Thursday, August 16, 2007

On the Naming of Characters

Lyda mentioned this earlier and I thought I'd put in a different perspective because it's not actually something I spend much time on. I mostly have a really detailed initial outline in which phase I grab an appropriate ethnic names source and pick something that sounds good at the time. I also feel free to change names at any time before or after the project goes through my writers group or groups–no changes in the middle or you will make your fellow writers very cranky.

I do find that certain sorts of names tend to attract my attention. They are generally slightly unusual and two syllables.

One funny side note. After writing 8 novels, heaps of short stories and 40-50 novel outlines it occurred to me that my main female characters almost all have two syllable names ending in A. Funnier still, after noticing it, the very next female lead I wrote was a Fiona, which fact it took me some time to notice. I attribute this to being madly in love with a woman named Laura for going on 18 years now.

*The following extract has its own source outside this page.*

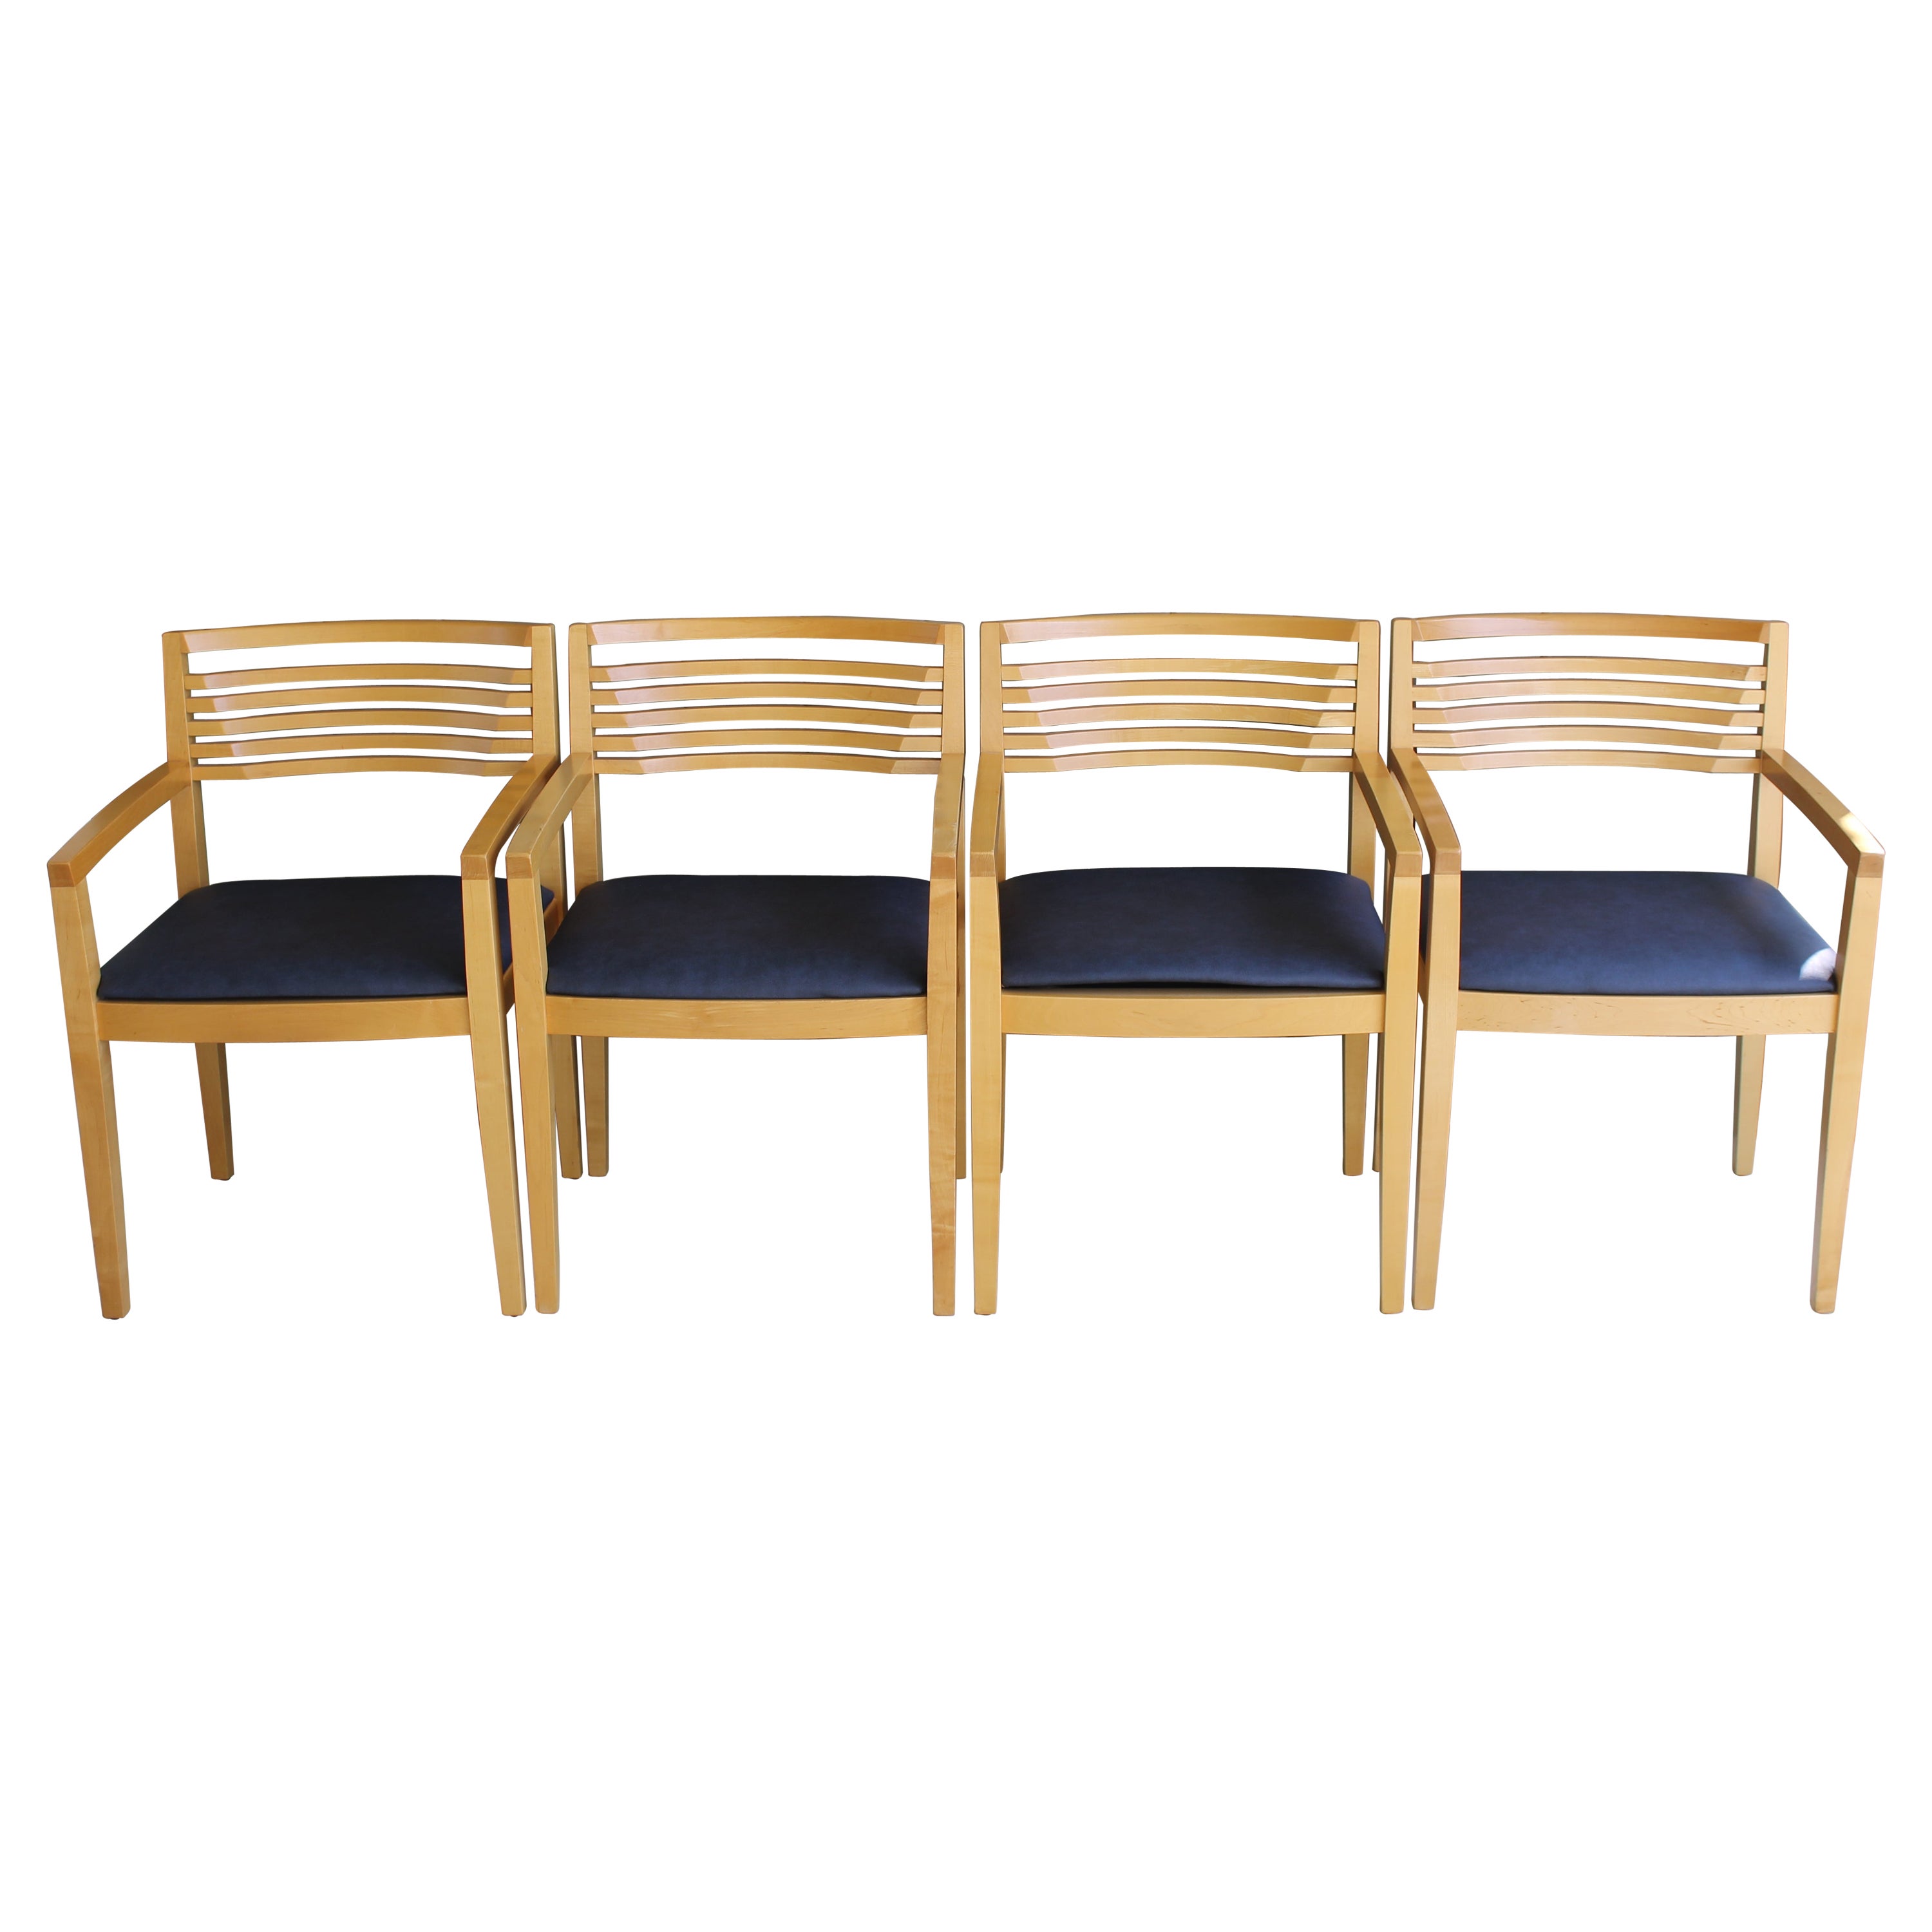 Four Dining Chairs by Joseph and Linda Ricchio for Knoll, Inc.

Do any of you have naming quirks in addition to naming methods. Things that echo through your work for example?

6 comments:

Anonymous said...

But... but... Fiona is three syllables, Kelly, so your whole argument doesn't hold water!

For female names, I have similar tastes to Kelly's--Emilia, Ariana, Katya--lots of vowels, often ending in "a". I try to use names to try to frame period, society, ethnicity, etc. In "The Seduction of Ashtonville", which is set in 1950's rural Middle America, the main character's name is Carol, because that was a very popular name at the time. Using Tamyra would have been anachronistic. (Note that even when I pull a name out of my ass, though, it's still multi-syllabic and ends with an "a". Oy.)

lydamorehouse said...

I tend to be attracted to combining names that sound culturally very different, ala Christian El-Aref (Mouse). I particularly like to use that device in my SF because I tend to believe multiculturalism is our future.

Kelly McCullough said...

Okay, it's not always two syllable, but the As definitely have it for me and novels: Fiona, Jaena, Maria, Tasha, Amanda, Kayla, Mara, Kaija, and Riana. The exceptions so far, Diane, Cerice, and Katy.

Douglas Hulick said...

And yet, Kelly, they all still end in vowels. :)

Anonymous said...

Do any of you have naming quirks in addition to naming methods. Things that echo through your work for example?

I've mentioned this before I believe. I write about a specific area of Kentucky where certain names are very common and over used -- first, second, and last (we're southern; we love our middle names! LOL) -- and where you won't ever hear "new names" (think Sierra or Dakota or T-Shane). So I have to be careful about the names I choose and use. My husband and SO both help with this as they grew up in the county in question (I grew up 50 miles west LOL). I do, however, have a telephone book for the area and lived there for some time, myself, and know what's common "and what ain't". ;)

But this means my people are all called Steve, Michael, Sarah, Emily, Jane, Phillip, George...

Shauna Roberts said...

Because I write fantasy and science fiction, I purposely create women's names that end with a vowel, usually an -a. That way, although the reader is faced with a bunch of names they've never seen before, at least they'll be able to tell the men and women apart.